Burnt sugar, no happy ending?

“I’d be lying if I said I’ve never enjoyed my mother’s unhappiness.” It is the first sentence of the book, a declaration of war against the mother. Can you imagine that sooner or later Tara and Antara will make peace?
“Something changes at the end of the book but I don’t think there is a reconciliation. I think events eventually force Antara to come to terms with herself. All her life Antara tried to keep away from Tara’s madness, from her existential disorder, and the end of the book, the events following the birth of her daughter, force her to overlook those same feelings. Yup she must ask questions about herself.

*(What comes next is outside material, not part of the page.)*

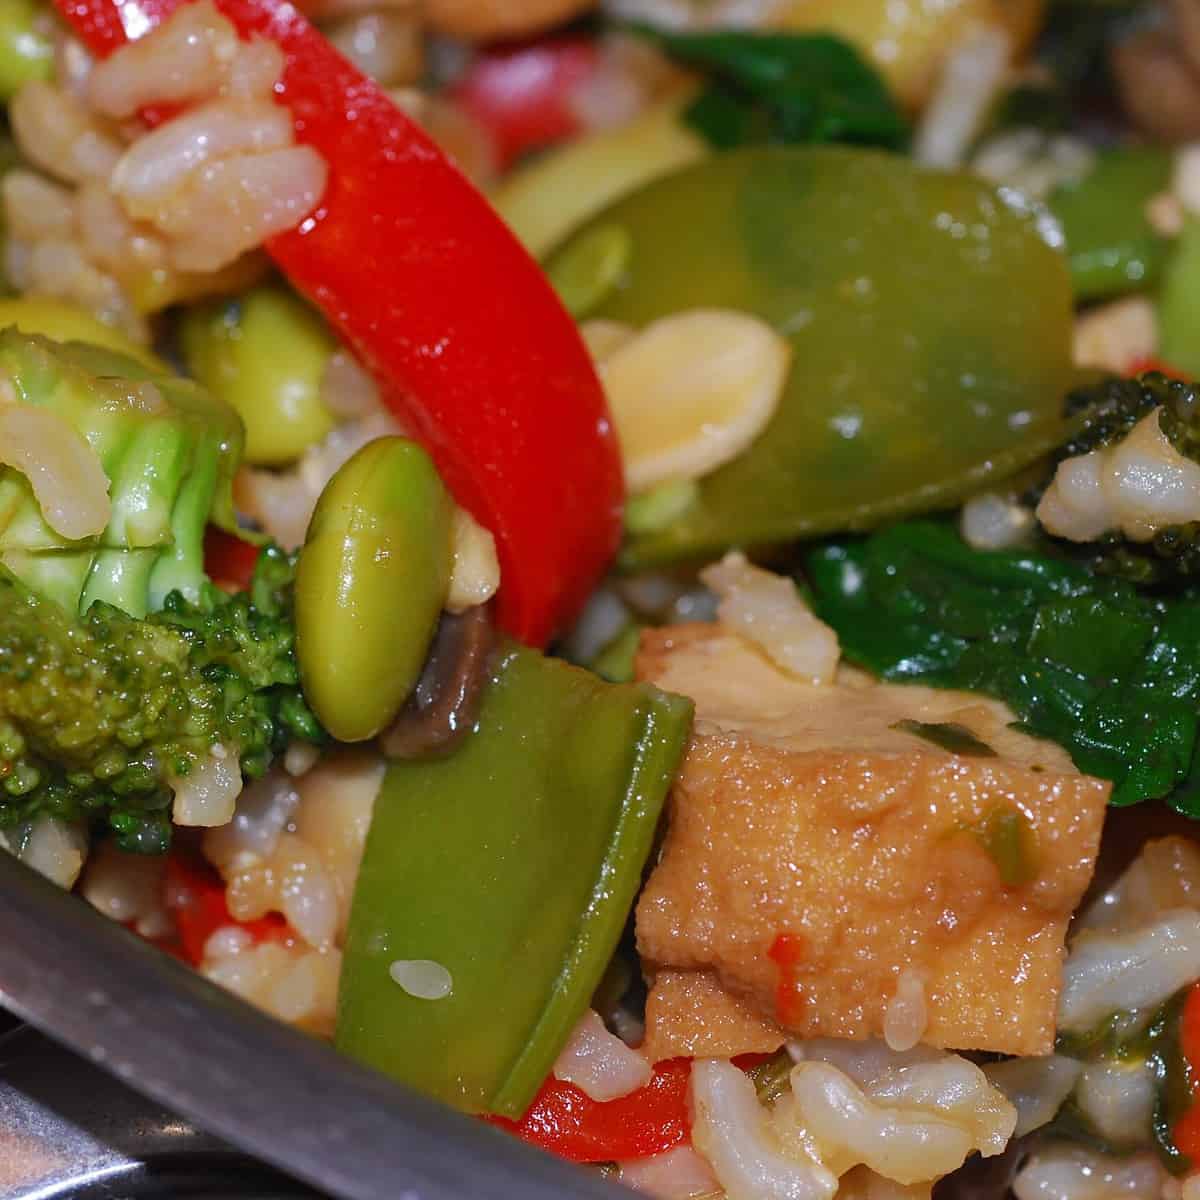  Colorful veggies collide in a bed of fluffy rice.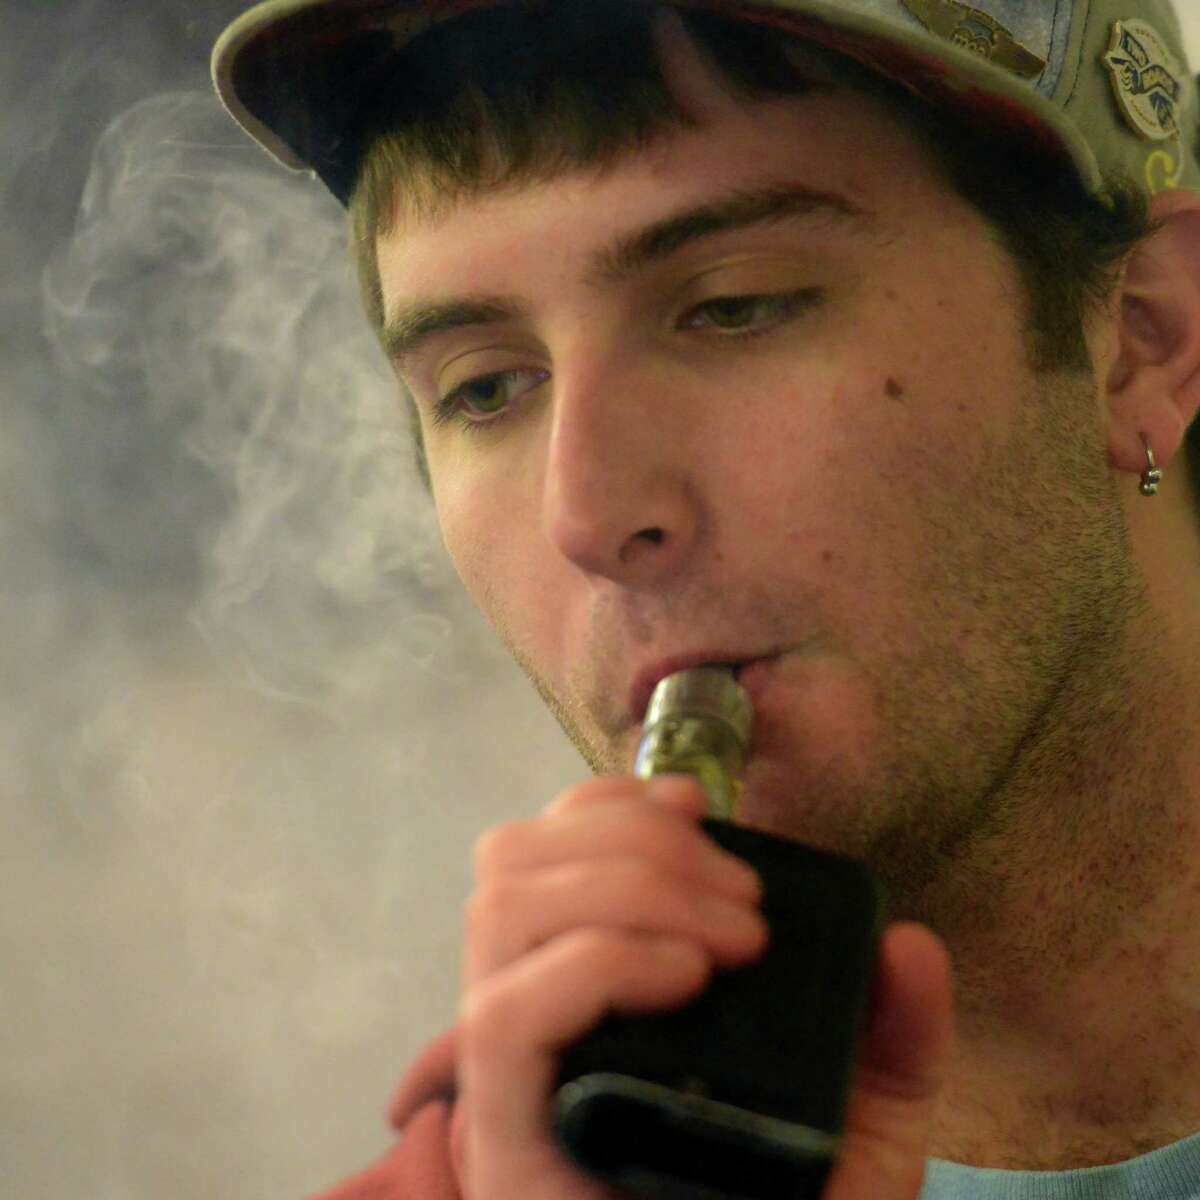 E-Stop E-Cigs co-owner Aidan Belmont vapes while at the shop on Post Road in Milford, Conn. The Ansonia Board of Aldermen decidede not to include vaping in a ban prohibiting smoking and chewing tobacco products in the city’s parks, recreational sites and athletic fields.

“At first we look for the answers to our questions outside of ourselves but then a leap occurs: when the answers begin to look for them within ourselves. Things happen but everyone has to take responsibility for myself. No.I don’t know what will happen to my characters after the conclusion of the book, because for me the characters have their own life that I observe and do not determine by writing. I can therefore say that I do not know but I feel that after the end of the libror Antara will be ready to look within sAnd rather than looking for answers outside of oneself ».

A new mother daughter bond

For Antara, having children is a shocking experience. As for the mother Tara. This also creates a bond between mother and daughter. Do you have children? How did you experience motherhood?
“I had no children when I wrote the novel (now she has two a boy of 4 and a girl of 2, ed) and having a child is like being born again, one does not remain the same as before. I No.I wasn’t ready for this and I don’t think Antara was ready either to the fact that giving birth is dramatically changing one’s life from one day to the next. Who it helps us to psychologically process this transformation ? At school they give us instructions for everything, why never they tell us nothing about this aspect of life? Antara gives birth to her daughter but somehow she gets torn apart. The mother and daughter bond it is once again lights and shadows ».